* **WORK ORDER**:
When you reproduce the listing, keep every word as it is and drop the pictures.

* **PROVIDED DATA**:
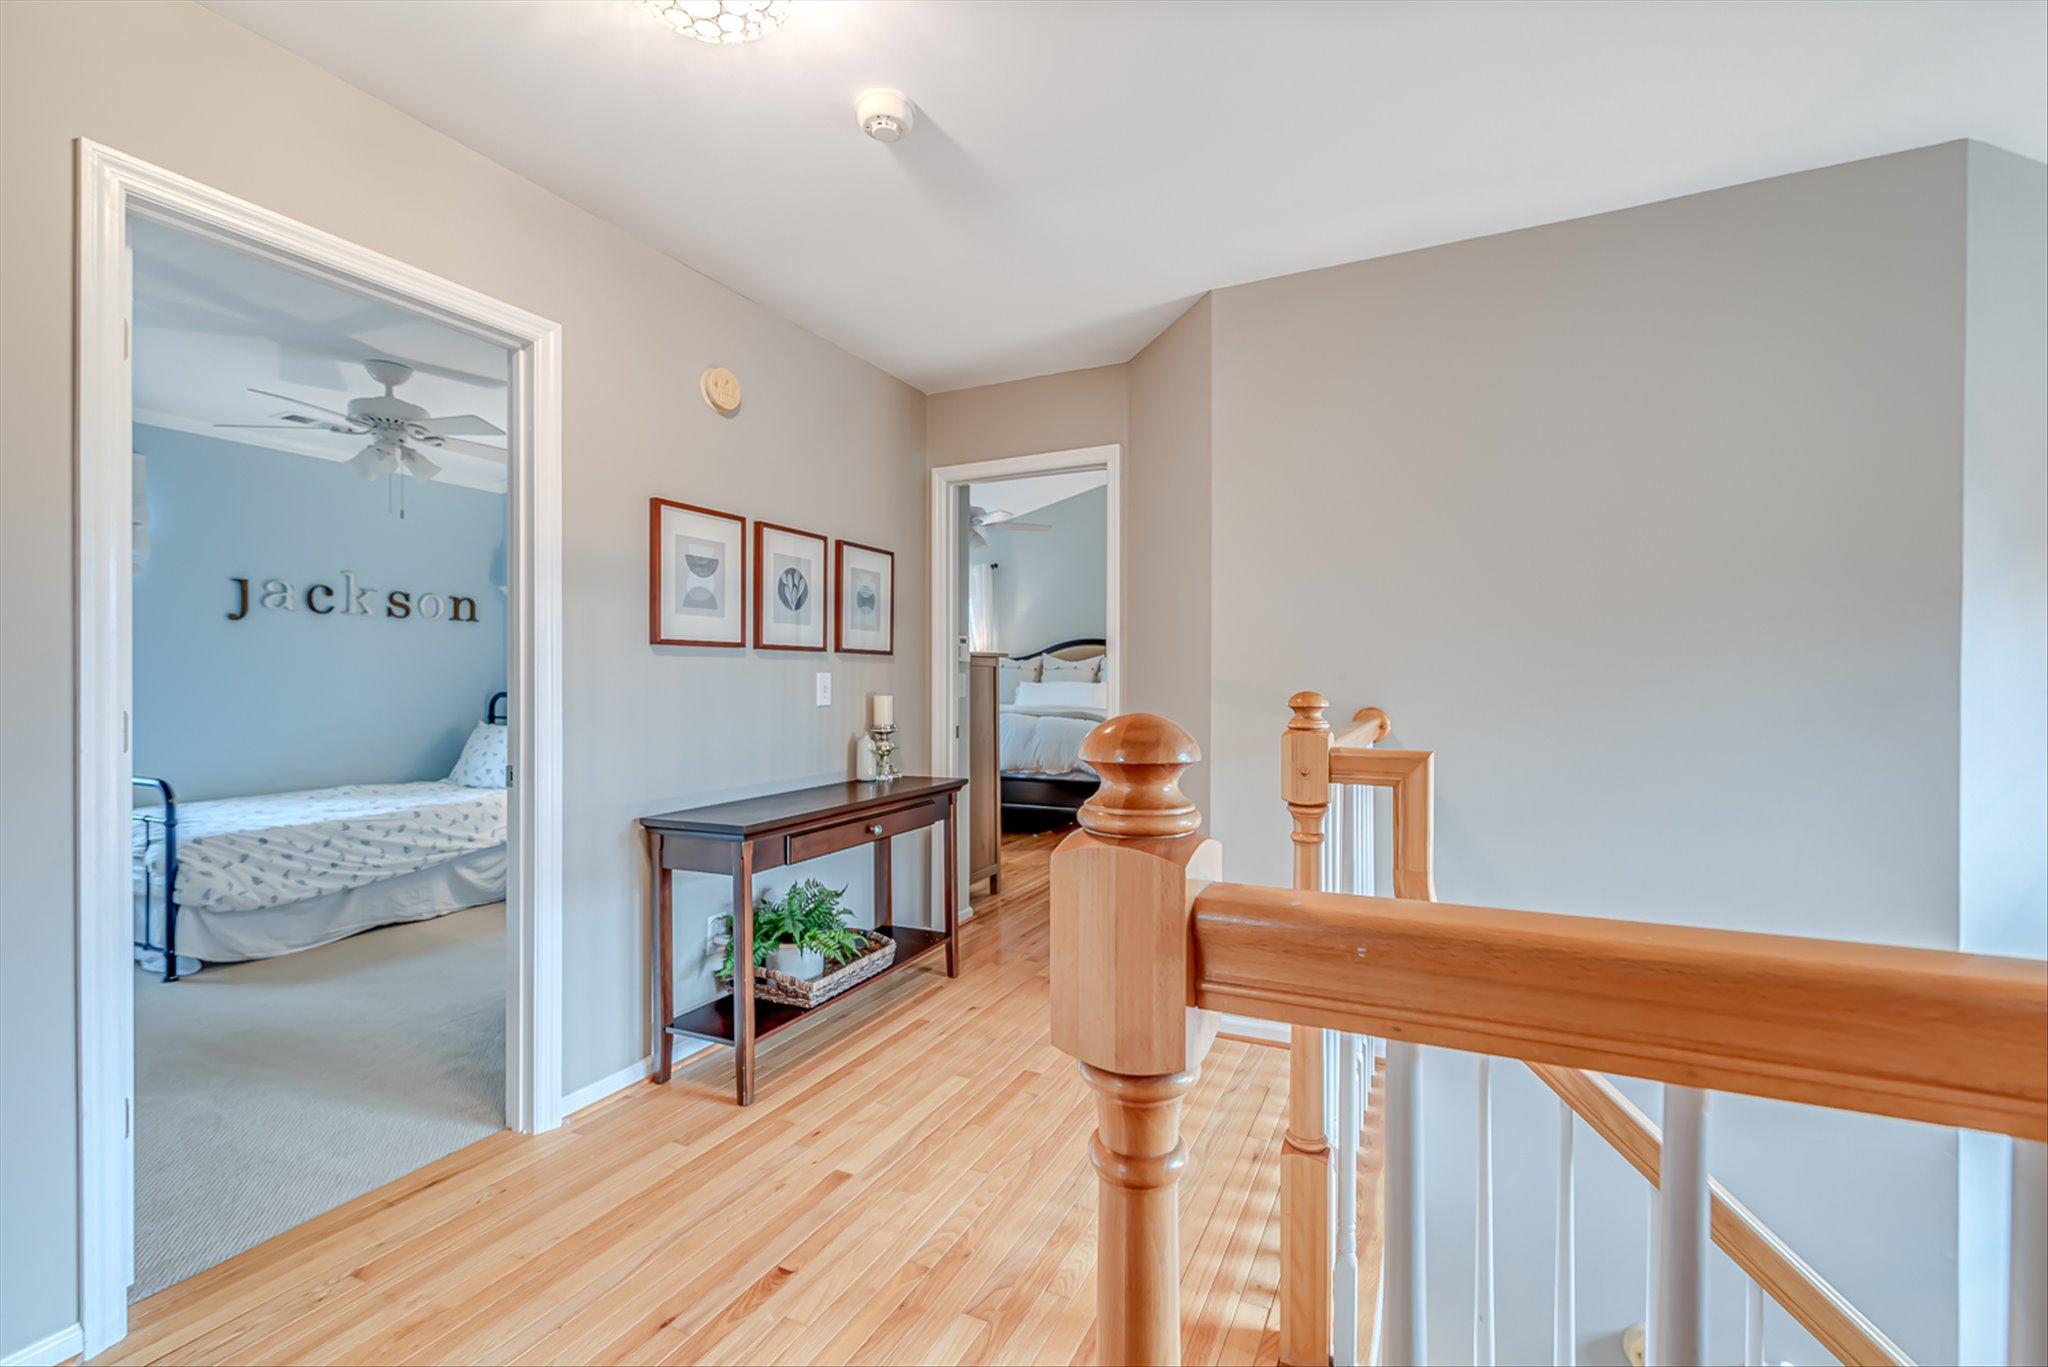 Belle Hall Homes For Sale - 278 Jardinere, Mount Pleasant, SC - 3
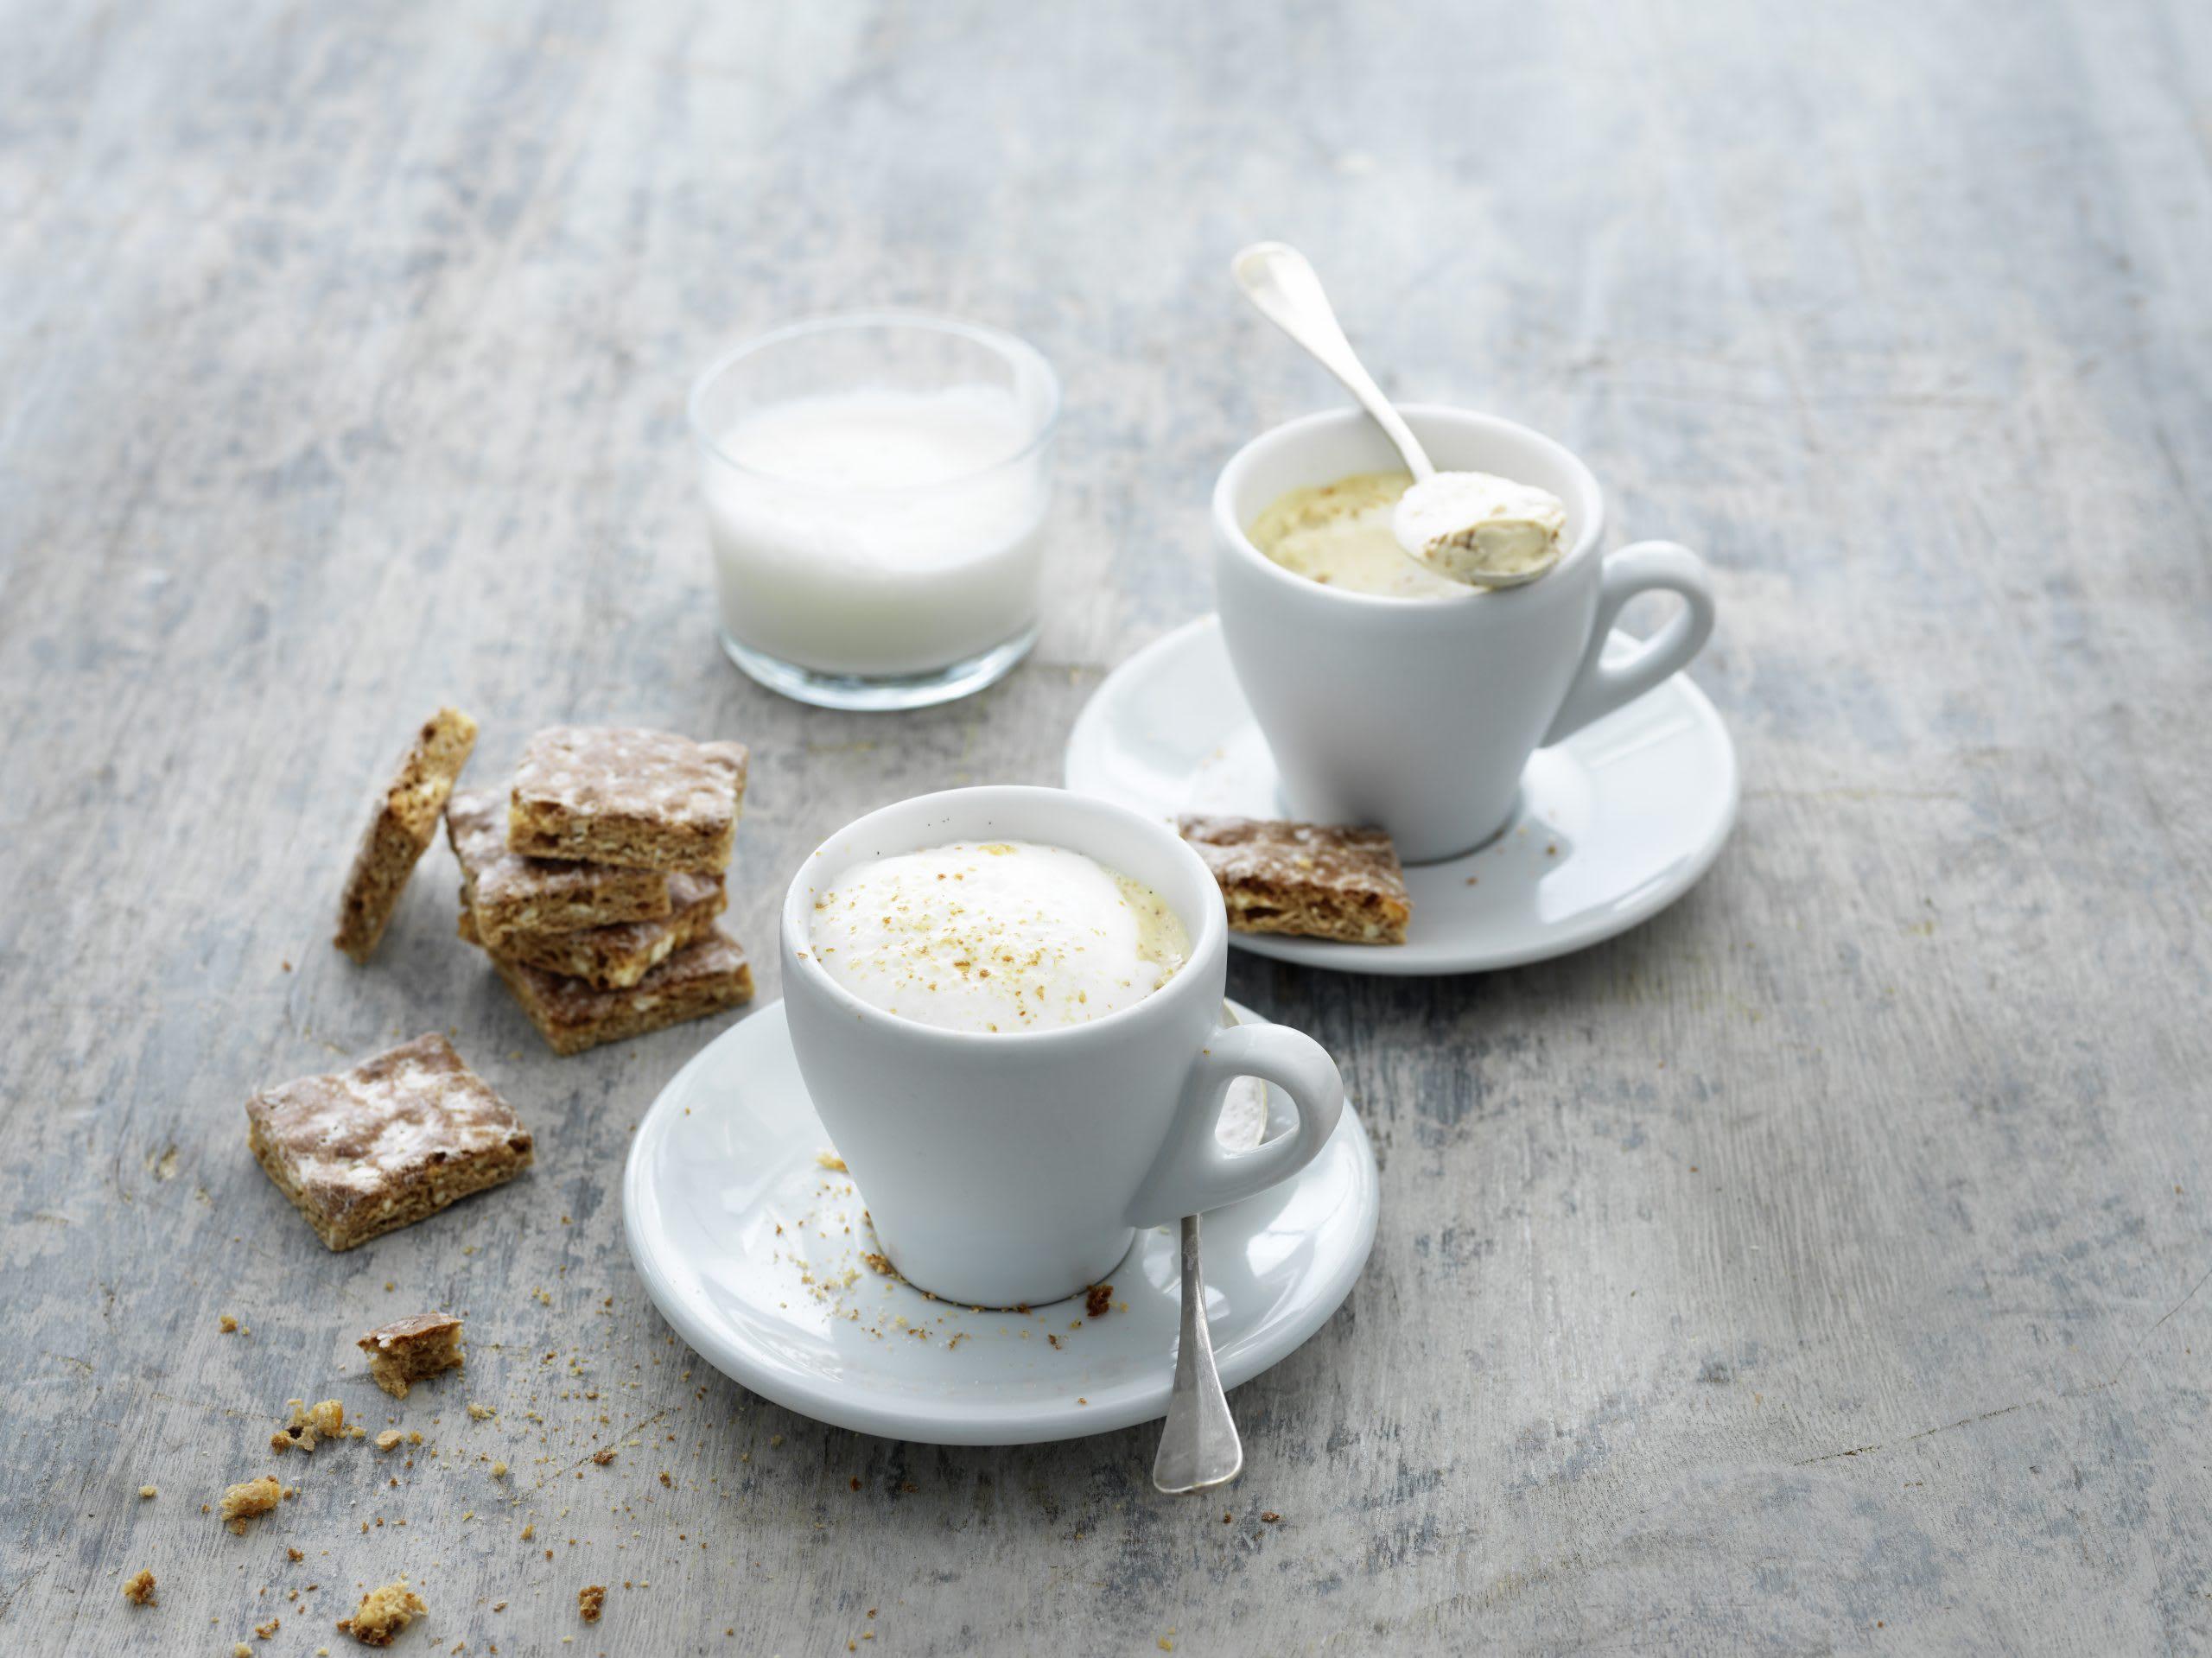 Basler Läckerli-Panna-cotta
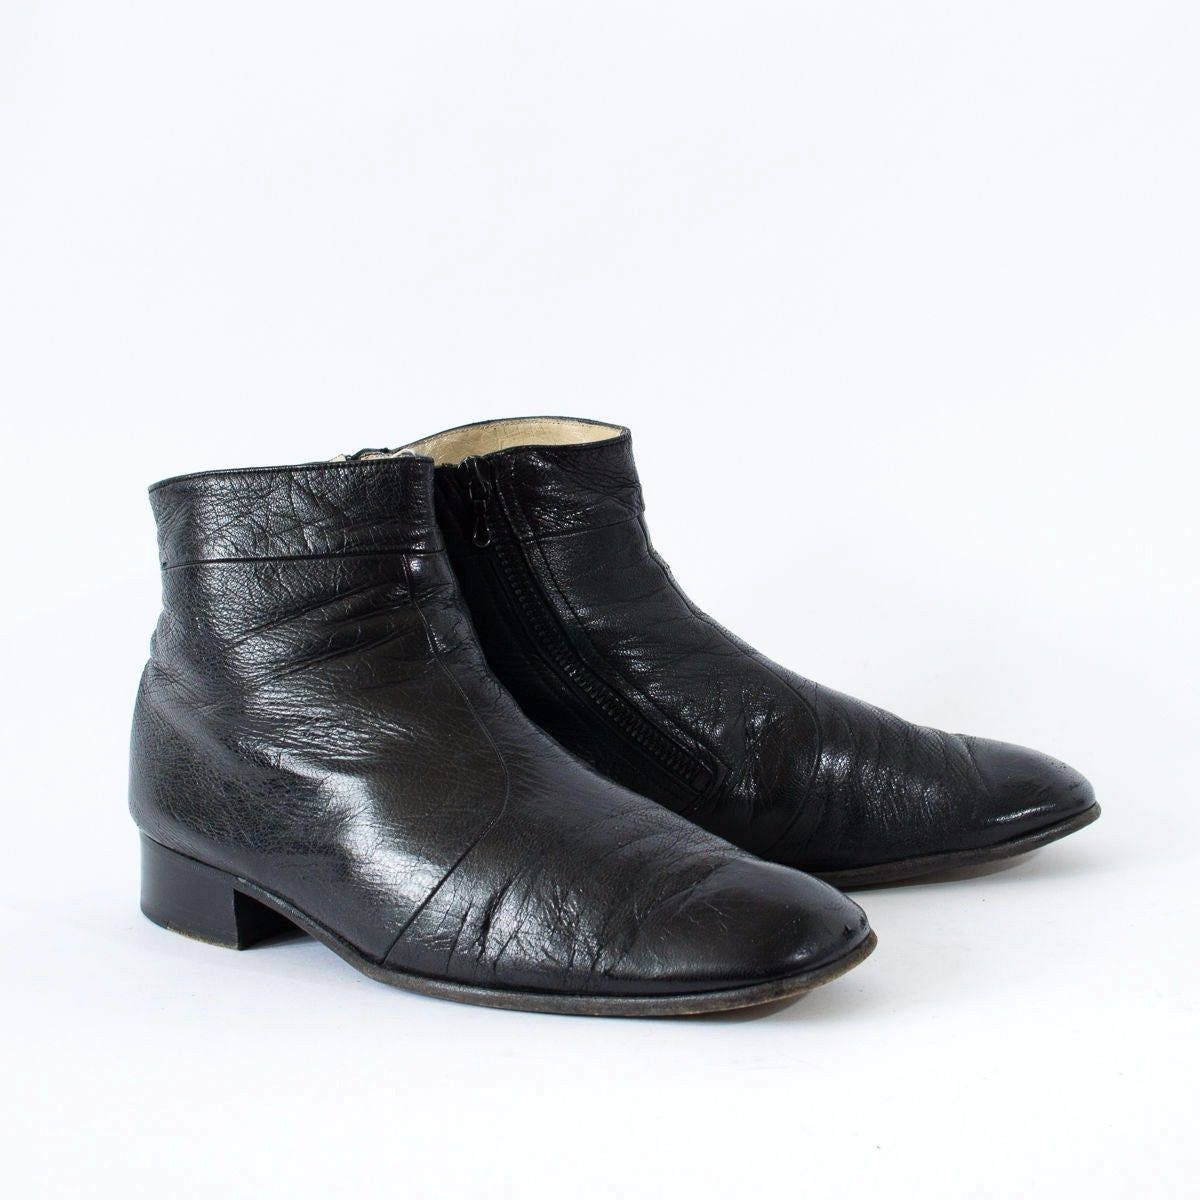 Vintage Black Real Leather Chelsea Boots Womens UK 8.5 EU 42.5 US 10.5
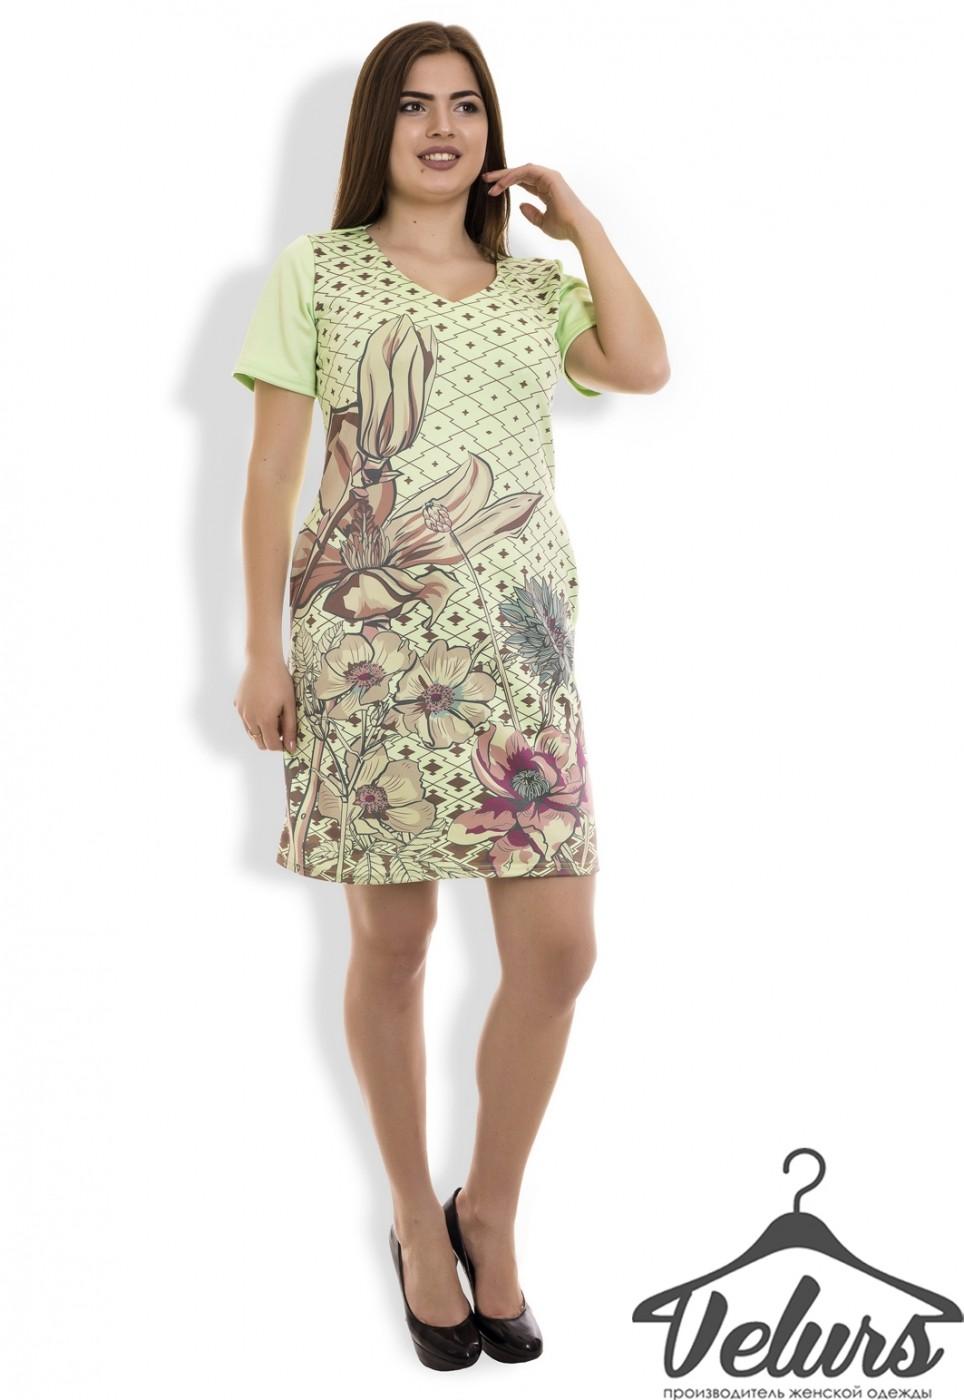 Velurs: Платье 212110 - фото 1

* **FINISHED EXERCISE**:
 Belle Hall Homes For Sale - 278 Jardinere, Mount Pleasant, SC - 3
 Basler Läckerli-Panna-cotta
 Vintage Black Real Leather Chelsea Boots Womens UK 8.5 EU 42.5 US 10.5
 Velurs: Платье 212110 - фото 1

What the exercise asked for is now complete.